Guidelines Clinical Practice Open Access
Copyright ©2009 The WJG Press and Baishideng. All rights reserved.
World J Gastroenterol. Jan 14, 2009; 15(2): 198-203
Published online Jan 14, 2009. doi: 10.3748/wjg.15.198
Mucosal blood flow measurements using laser Doppler perfusion monitoring
Dag Arne Lihaug Hoff, Hans Gregersen, Jan Gunnar Hatlebakk, Institute of Medicine, University of Bergen, NO-5021 Bergen, Norway
Dag Arne Lihaug Hoff, Jan Gunnar Hatlebakk, National Centre for Ultrasound in Gastroenterology, Department of Medicine, Haukeland University Hospital, NO-5021 Bergen, Norway
Dag Arne Lihaug Hoff, Deparment of Medicine, Aalesund Hospital, Aalesund, Norway
Hans Gregersen, Mech-Sense, Aalborg Hospital, 9000 Aalborg, Denmark
Author contributions: Hoff DAL designed the study, and wrote the review; Hatlebakk JG and Gregersen H also designed the study and performed the final read through and made corrections to the review.
Correspondence to: Dag Arne Lihaug Hoff, National Centre for Ultrasound in Gastroenterology, Department of Medicine, Haukeland University Hospital, NO-5021 Bergen, Norway. dag.hoff@helse-bergen.no
Telephone: +47-40-045244
Fax: +47-70-151945
Received: September 10, 2008
Revised: November 26, 2008
Accepted: December 3, 2008
Published online: January 14, 2009

Abstract

Perfusion of individual tissues is a basic physiological process that is necessary to sustain oxygenation and nutrition at a cellular level. Ischemia, or the insufficiency of perfusion, is a common mechanism for tissue death or degeneration, and at a lower threshold, a mechanism for the generation of sensory signalling including pain. It is of considerable interest to study perfusion of peripheral abdominal tissues in a variety of circumstances. Microvascular disease of the abdominal organs has been implicated in the pathogenesis of a variety of disorders, including peptic ulcer disease, inflammatory bowel disease and chest pain. The basic principle of laser Doppler perfusion monitoring (LDPM) is to analyze changes in the spectrum of light reflected from tissues as a response to a beam of monochromatic laser light emitted. It reflects the total local microcirculatory blood perfusion, including perfusion in capillaries, arterioles, venules and shunts. During the last 20-25 years, numerous studies have been performed in different parts of the gastrointestinal (GI) tract using LDPM. In recent years we have developed a multi-modal catheter device which includes a laser Doppler probe, with the intent primarily to investigate patients suffering from functional chest pain of presumed oesophageal origin. Preliminary studies show the feasibility of incorporating LDPM into such catheters for performing physiological studies in the GI tract. LDPM has emerged as a research and clinical tool in preference to other methods; but, it is important to be aware of its limitations and account for them when reporting results.
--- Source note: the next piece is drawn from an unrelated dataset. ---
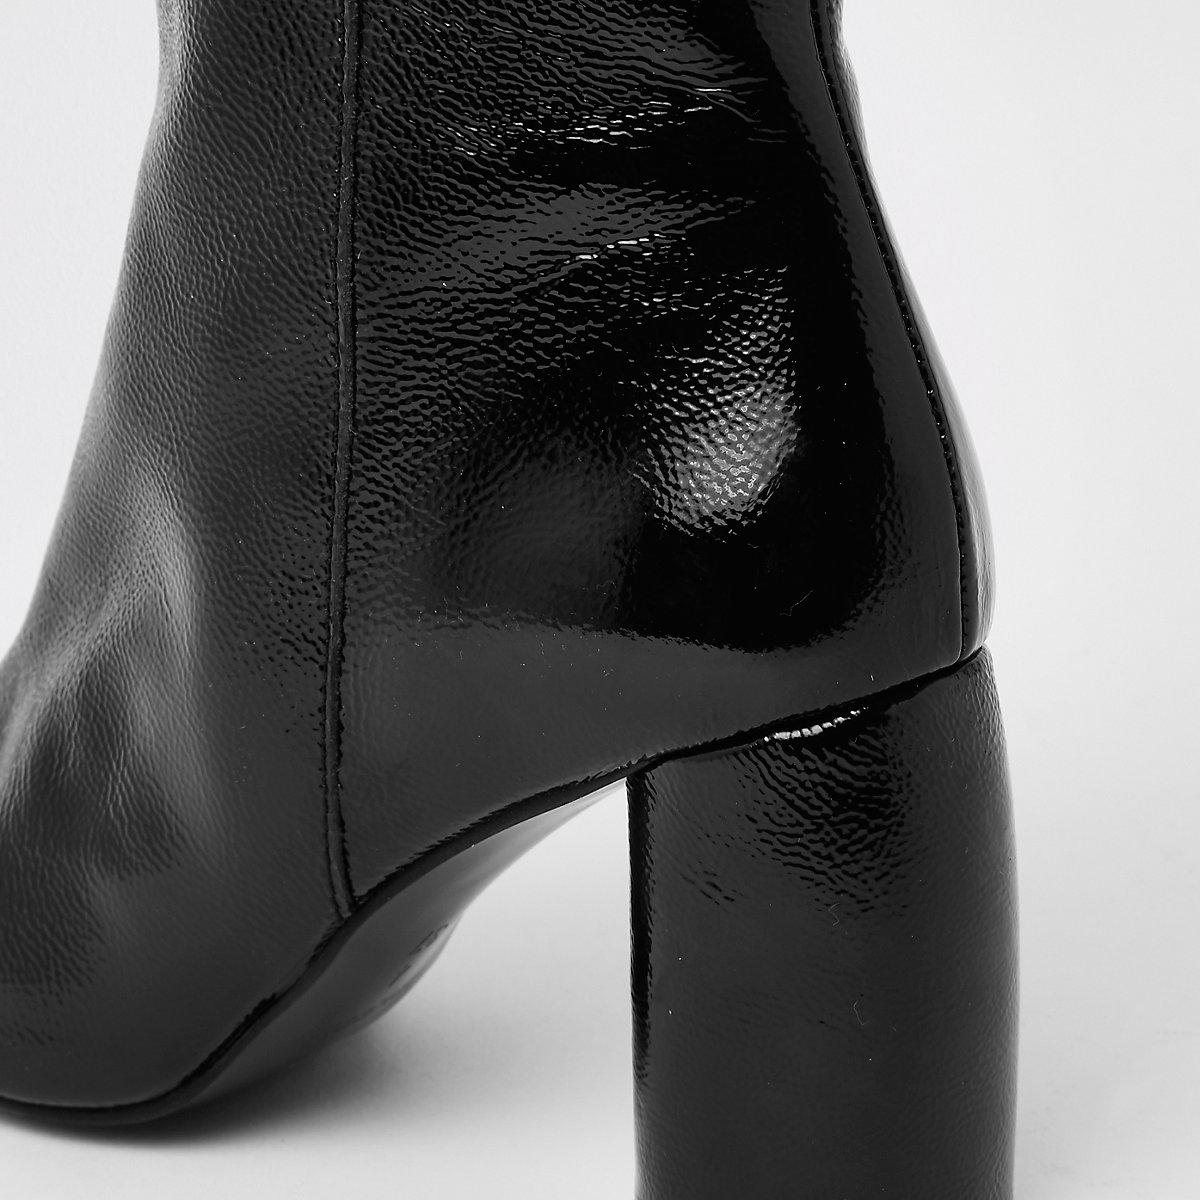 df84beabc6c8 Schwarze Stiefeletten aus glänzendem Leder - Stiefel - Schuhe ...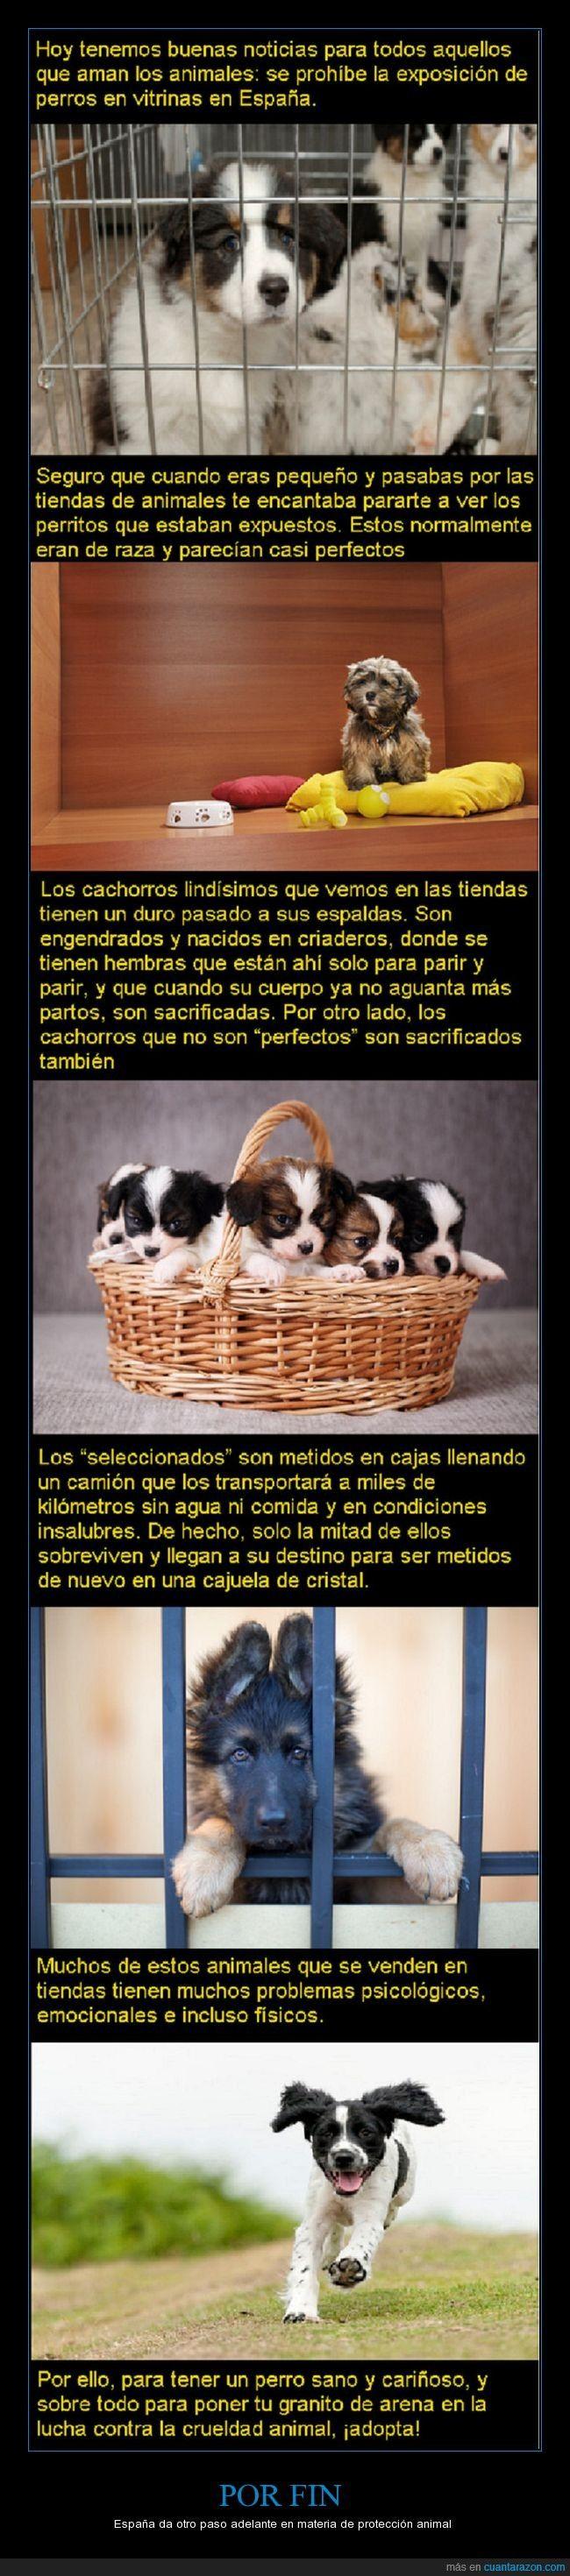 Nunca más verás perros en exposición en vitrinas - España da otro paso adelante en materia de protección animal   Gracias a http://www.cuantarazon.com/   Si quieres leer la noticia completa visita: http://www.estoy-aburrido.com/nunca-mas-veras-perros-en-exposicion-en-vitrinas-espana-da-otro-paso-adelante-en-materia-de-proteccion-animal/

Key Words: Laser Doppler perfusion monitoring; Gastrointestinal tract; Mucosal blood flow; Perfusion; Chest pain

INTRODUCTION

Circulation and perfusion of individual tissues is a basic physiological process that is necessary to sustain oxygenation and nutrition at a cellular level. Ischemia, or the insufficiency of perfusion, is a common mechanism for tissue death or degeneration, and at a lower threshold, a mechanism for the generation of sensory signals including pain. Ischemia is a common cause of pain from the myocardium in coronary heart disease, ranging from reversible changes in angina pectoris to acute myocardial infarction with its multitude of complications. Myocardial ischemia is usually due to stenoses of the larger epicardial arteries; but, microvascular changes, such as those commonly seen in patients with diabetes mellitus, can cause ischemia and biochemical changes triggering pain signalling from the tissues. Ischemia can similarly cause pain from abdominal organs, including the intestines, when stenoses of the proximal mesenteric arteries limit perfusion in the distal vascular bed. It is also possible that abnormalities in smaller vessels, and in their regulation of blood flow may cause similar biochemical changes in the intestinal wall and be an integral part of the pathogenesis of disease[1].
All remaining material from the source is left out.